## Material provided
== Segment start ==

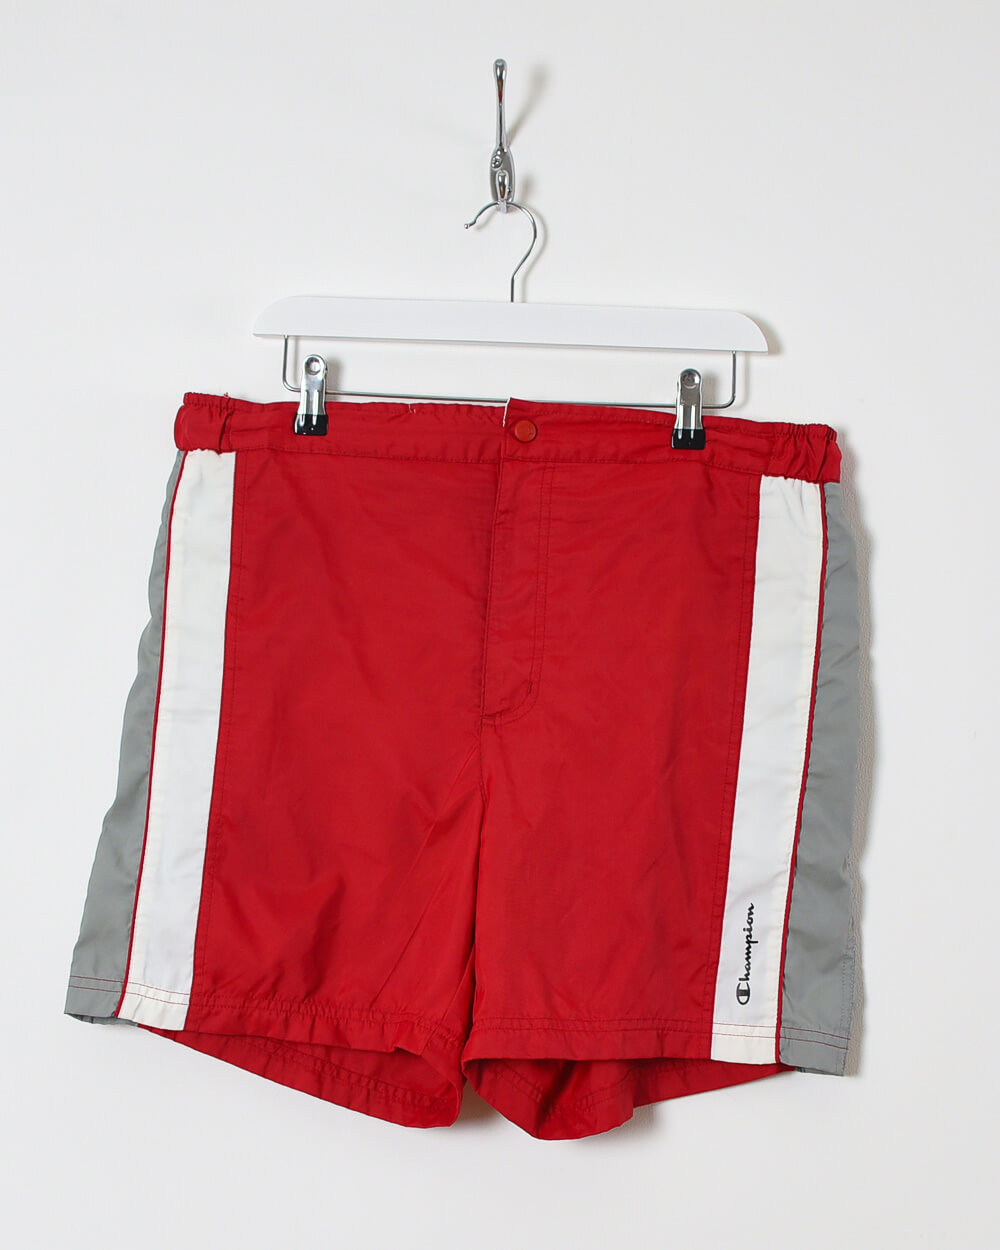 Champion Swimwear Shorts - W36 - Domno Vintage 90s, 80s, 00s Retro and Vintage Clothing 
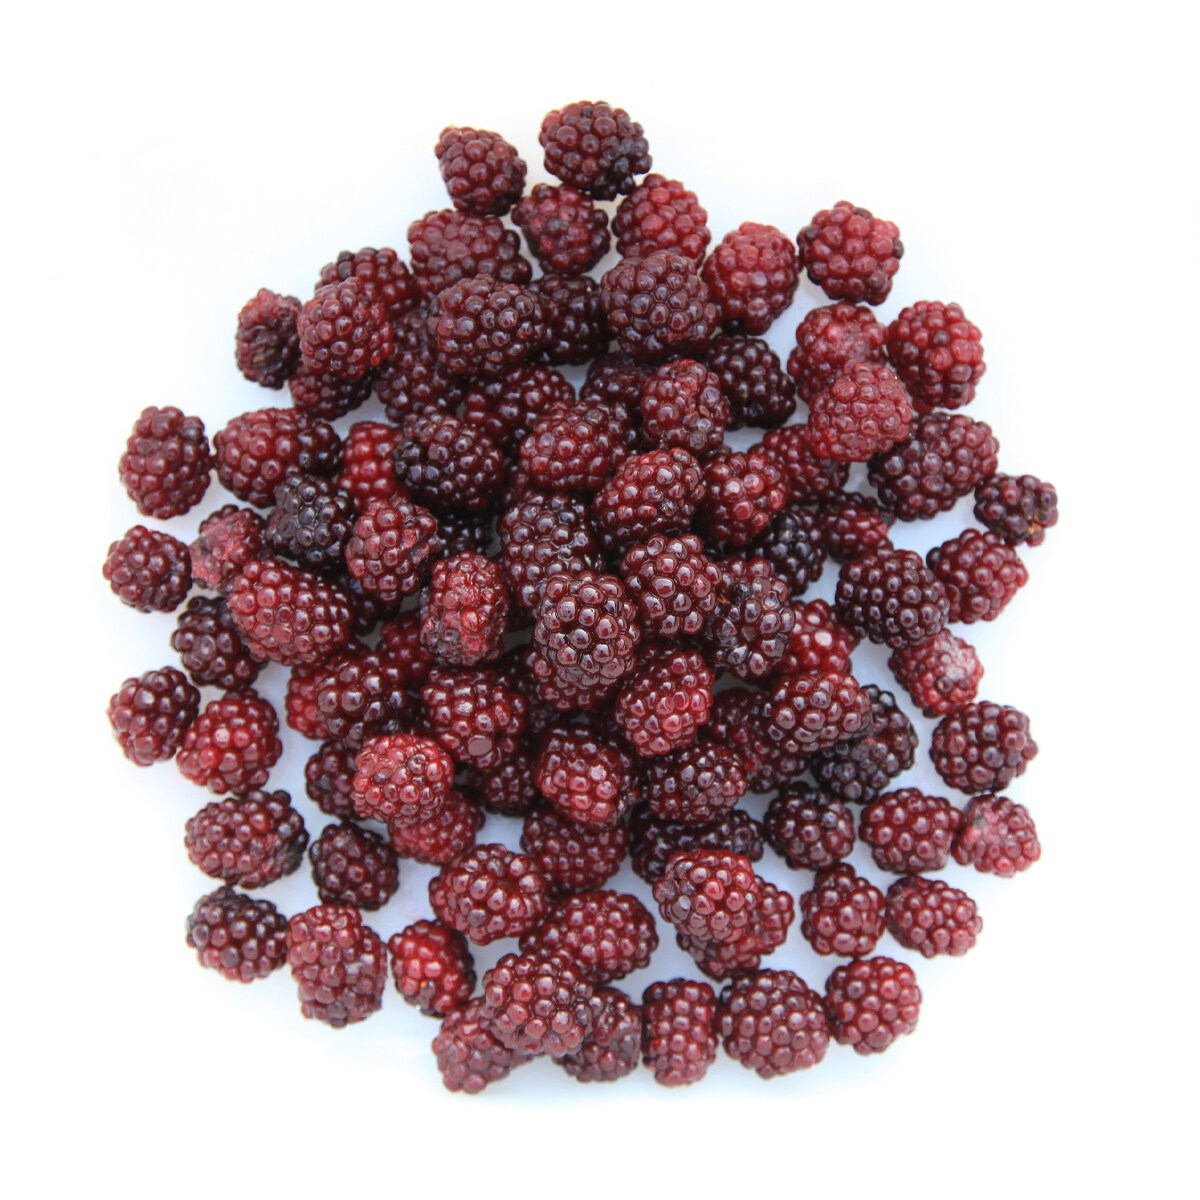 高质量的散装冷冻水果黑莓价格每吨
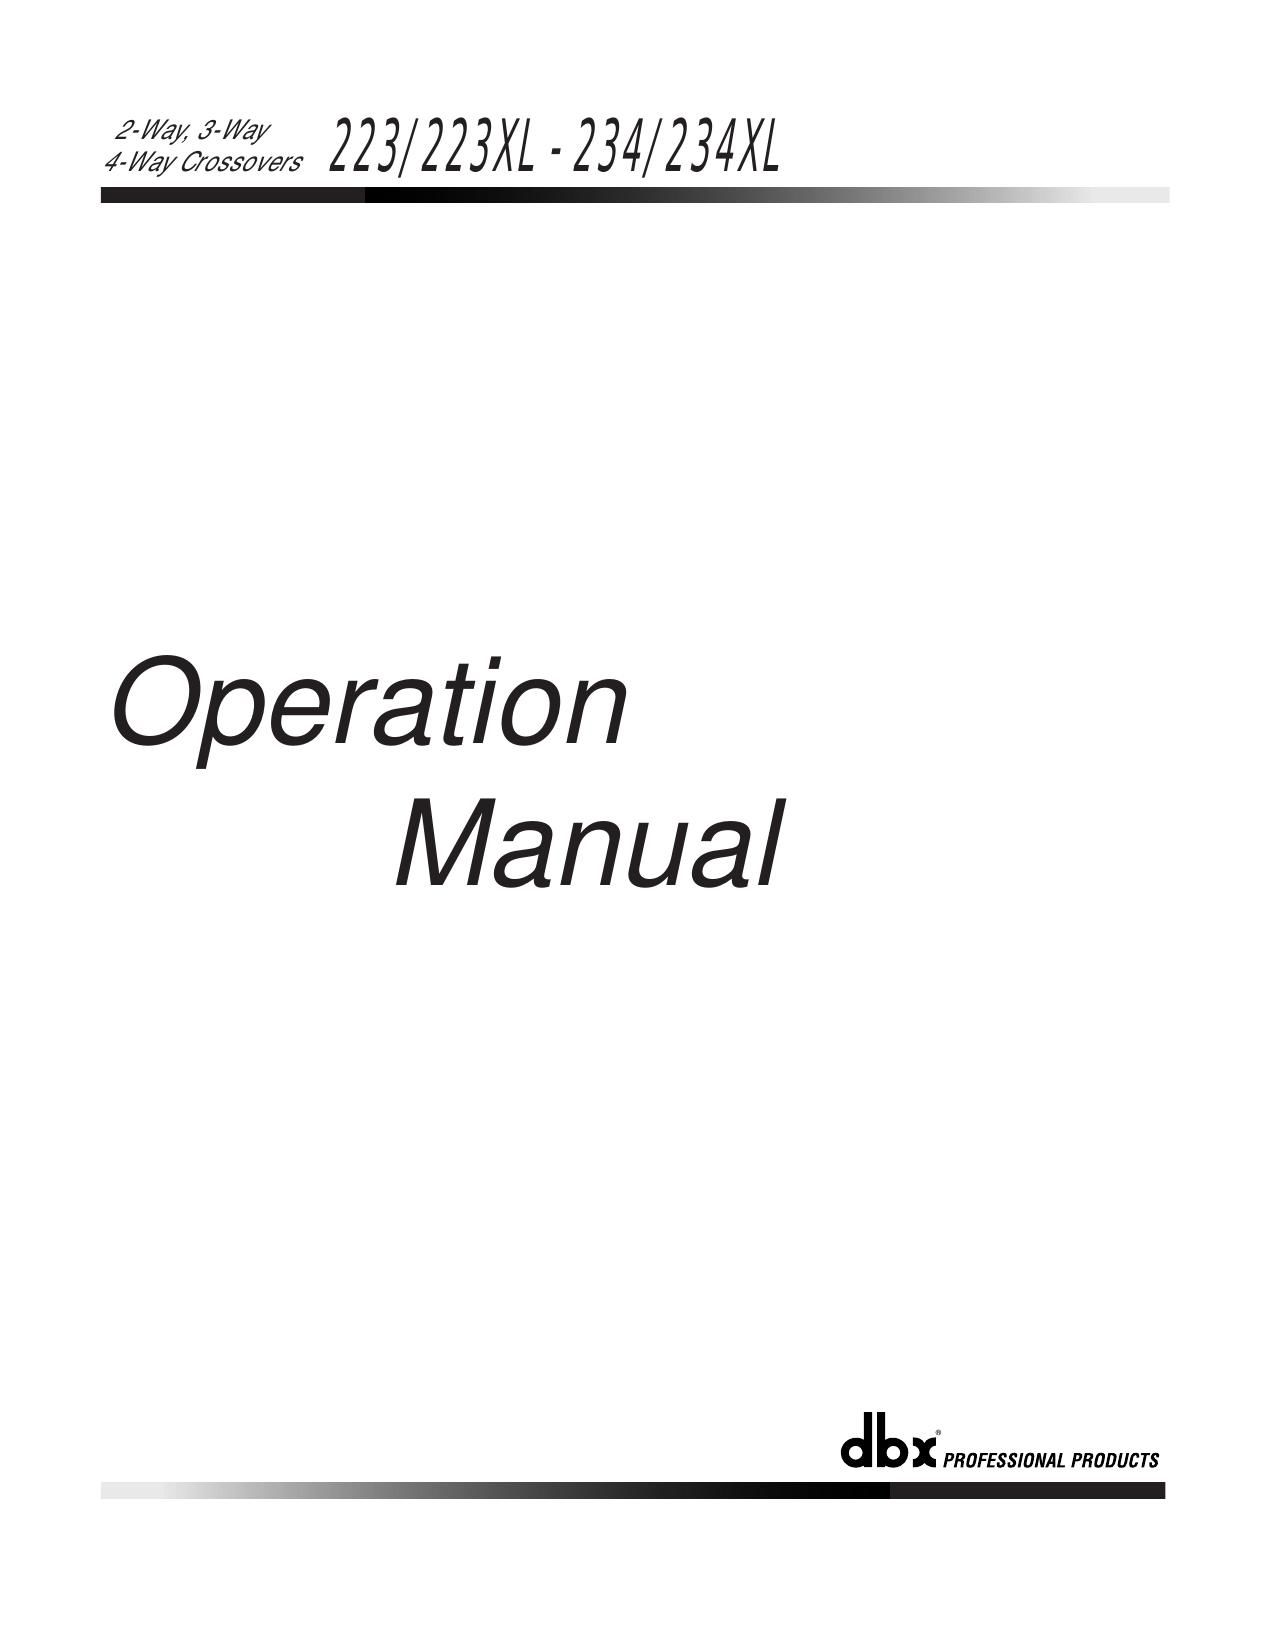 Dbx 223 223 XL 234 234 XL Owners Manual

== Segment end ==

## Work instruction
Each line from the one holding "高质量的散装冷冻水果黑莓价格每吨" through the final line of the data needs to be transcribed exactly. Include both ends, skip the pictures, and add nothing.

## Result of the task
 高质量的散装冷冻水果黑莓价格每吨
 Dbx 223 223 XL 234 234 XL Owners Manual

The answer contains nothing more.